Sous-traitance (hors construction) : illustrations. Pour une illustration : CA Paris (pôle 5 ch. 11), 17 décembre 2021 : RG n° 19/16684 ; Cerclab n° 9325 (sous-traitance entre une société de prestations de services informatiques et un développeur individuel, le contrat incluant une formation par un organisme habilité ; absence de partenariat et absence au surplus de déséquilibre significatif, compte tenu de la réciprocité des obligations de sous-traitance et de formation en l'absence d'éléments établissant le caractère potestatif, automatique, ou la non négociabilité des clauses du contrat), sur appel de TGI Paris, 28 mars 2019 : RG n° 17/14589 ; Dnd.

Sous-traitance (hors construction) : clause compromissoire. Crée un déséquilibre significatif entre les droits et obligations des parties au contrat, et doit être déclarée non écrite, la clause compromissoire d’un contrat de sous-traitance, en ce qu’elle instaure une procédure complexe et coûteuse de règlement des litiges, puisque nécessitant pour chacun de désigner un arbitre et de recourir au juge d'appui en cas de difficultés, lequel n'était effectivement pas désigné au contrat, seul l'application de l'art. 1459 CPC, alors que le donneur d’ordre a une assise financière beaucoup plus importante que le sous-traitant (dont le chiffre d’affaires en 2018 a été de 5.620 €), et que, par ailleurs, la clause stipule que les arbitres devront rendre leur sentence dans un délai de 10 mois à compter du jour où le dernier arbitre aura accepté sa mission, délai qui peut être prorogé, soit un délai de 4 mois supérieur à celui fixé à l'art. 1463 CPC, délai qui, sans être illégal, a pour effet d'augmenter la durée de la procédure de règlement du litige, ce qui est préjudiciable à une entreprise de taille modeste qui se prévaut d'impayés.
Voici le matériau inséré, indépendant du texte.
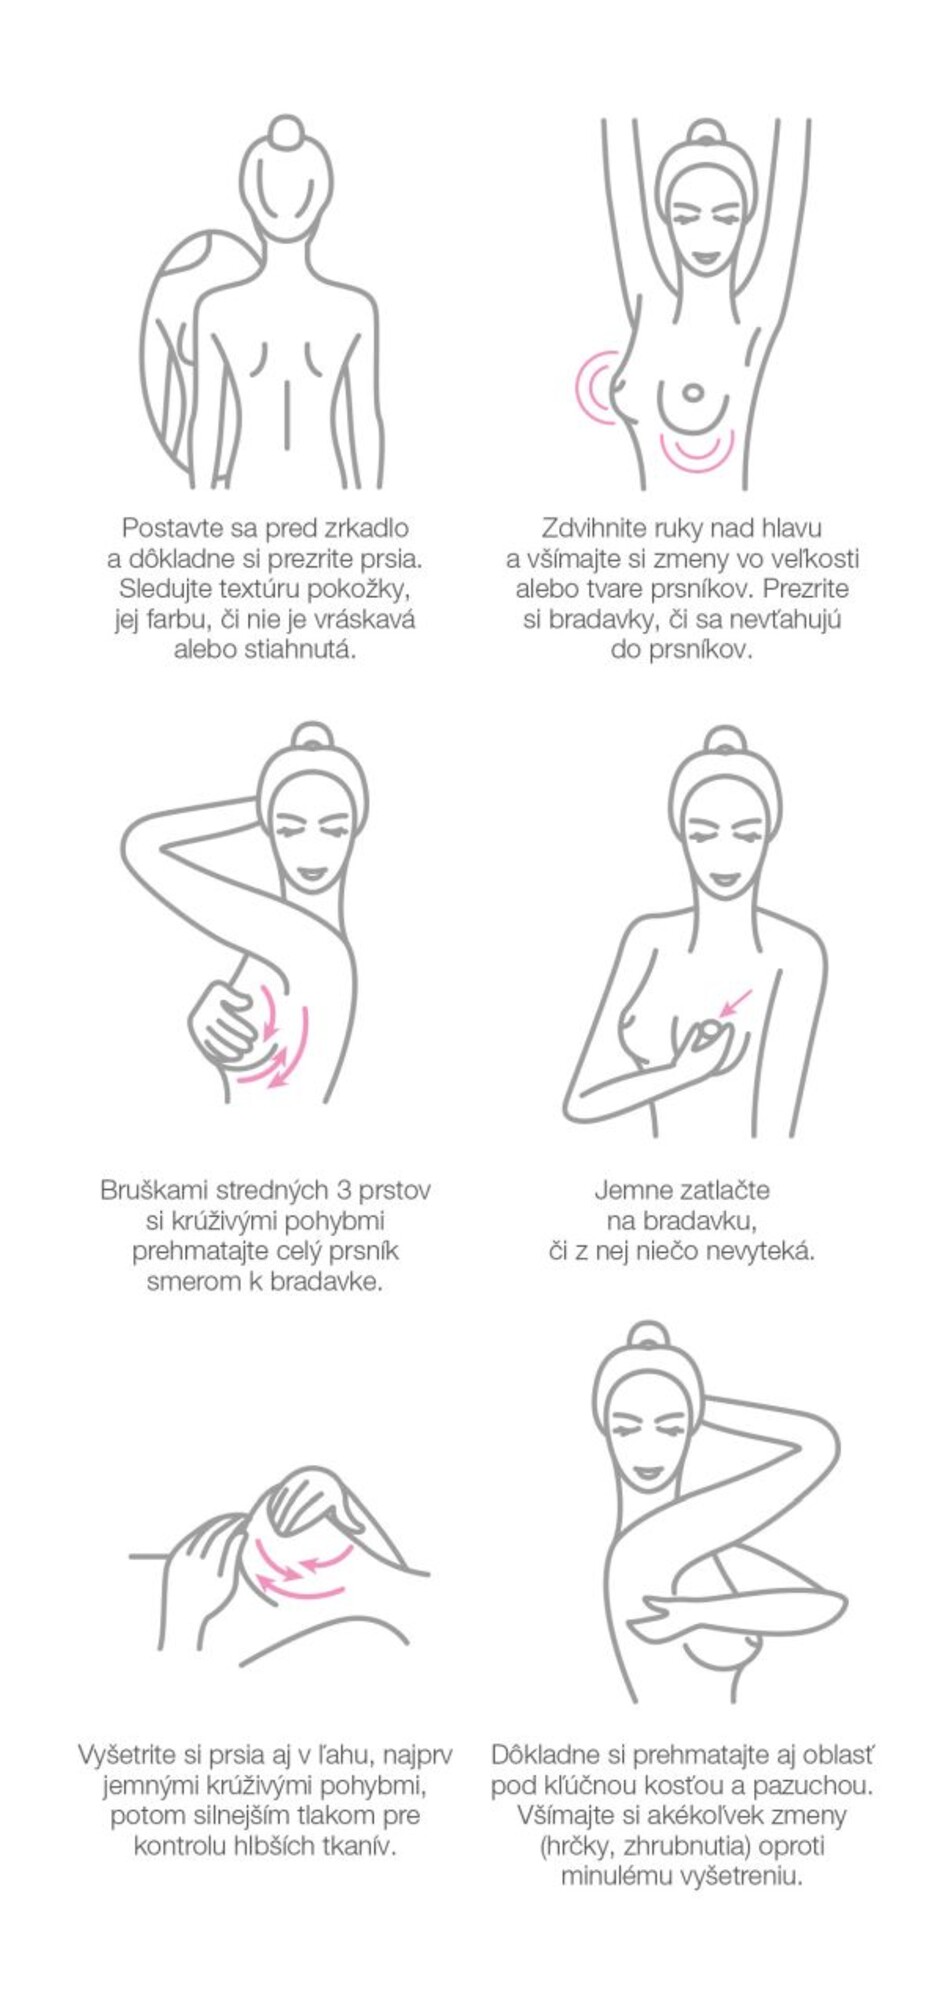 Ako si urobiť samovyšetrenie prsníkov.

CA Amiens (ch. écon.), 10 mars 2022 : RG n° 21/04192 ; Cerclab n° 9451 (sous-traitance dans la sécurité privée), sur appel de T. com. Saint-Quentin, 23 juillet 2021 : Dnd.

Traitement des déchets. Ne peuvent créer de déséquilibre significatif des clauses plus favorables que le régime légal, le contractant accordant un avantage financier exceptionnel à son cocontractant, alors qu’il n’y était pas tenu. CA Toulouse (1re ch. sect. 1), 14 mai 2025 : RG n° 22/04203 ; arrêt n° 25/191 ; Cerclab n° 23732 (contrat conclu entre un syndicat mixte de communes et un éco-organisme agréé pour la collecte et le traitement des déchets chimiques ménagers DDS, « déchets diffus spécifique » ; clause accordant notamment un versement pour la période située entre la fin de l’agrément et son renouvellement, pendant laquelle l’éco-organisme n’a pu procéder à la collecte, sans aucune obligation légale de le faire), infirmant sur ce point TJ Albi, 29 novembre 2022 : RG n° 20/00749 ; Dnd.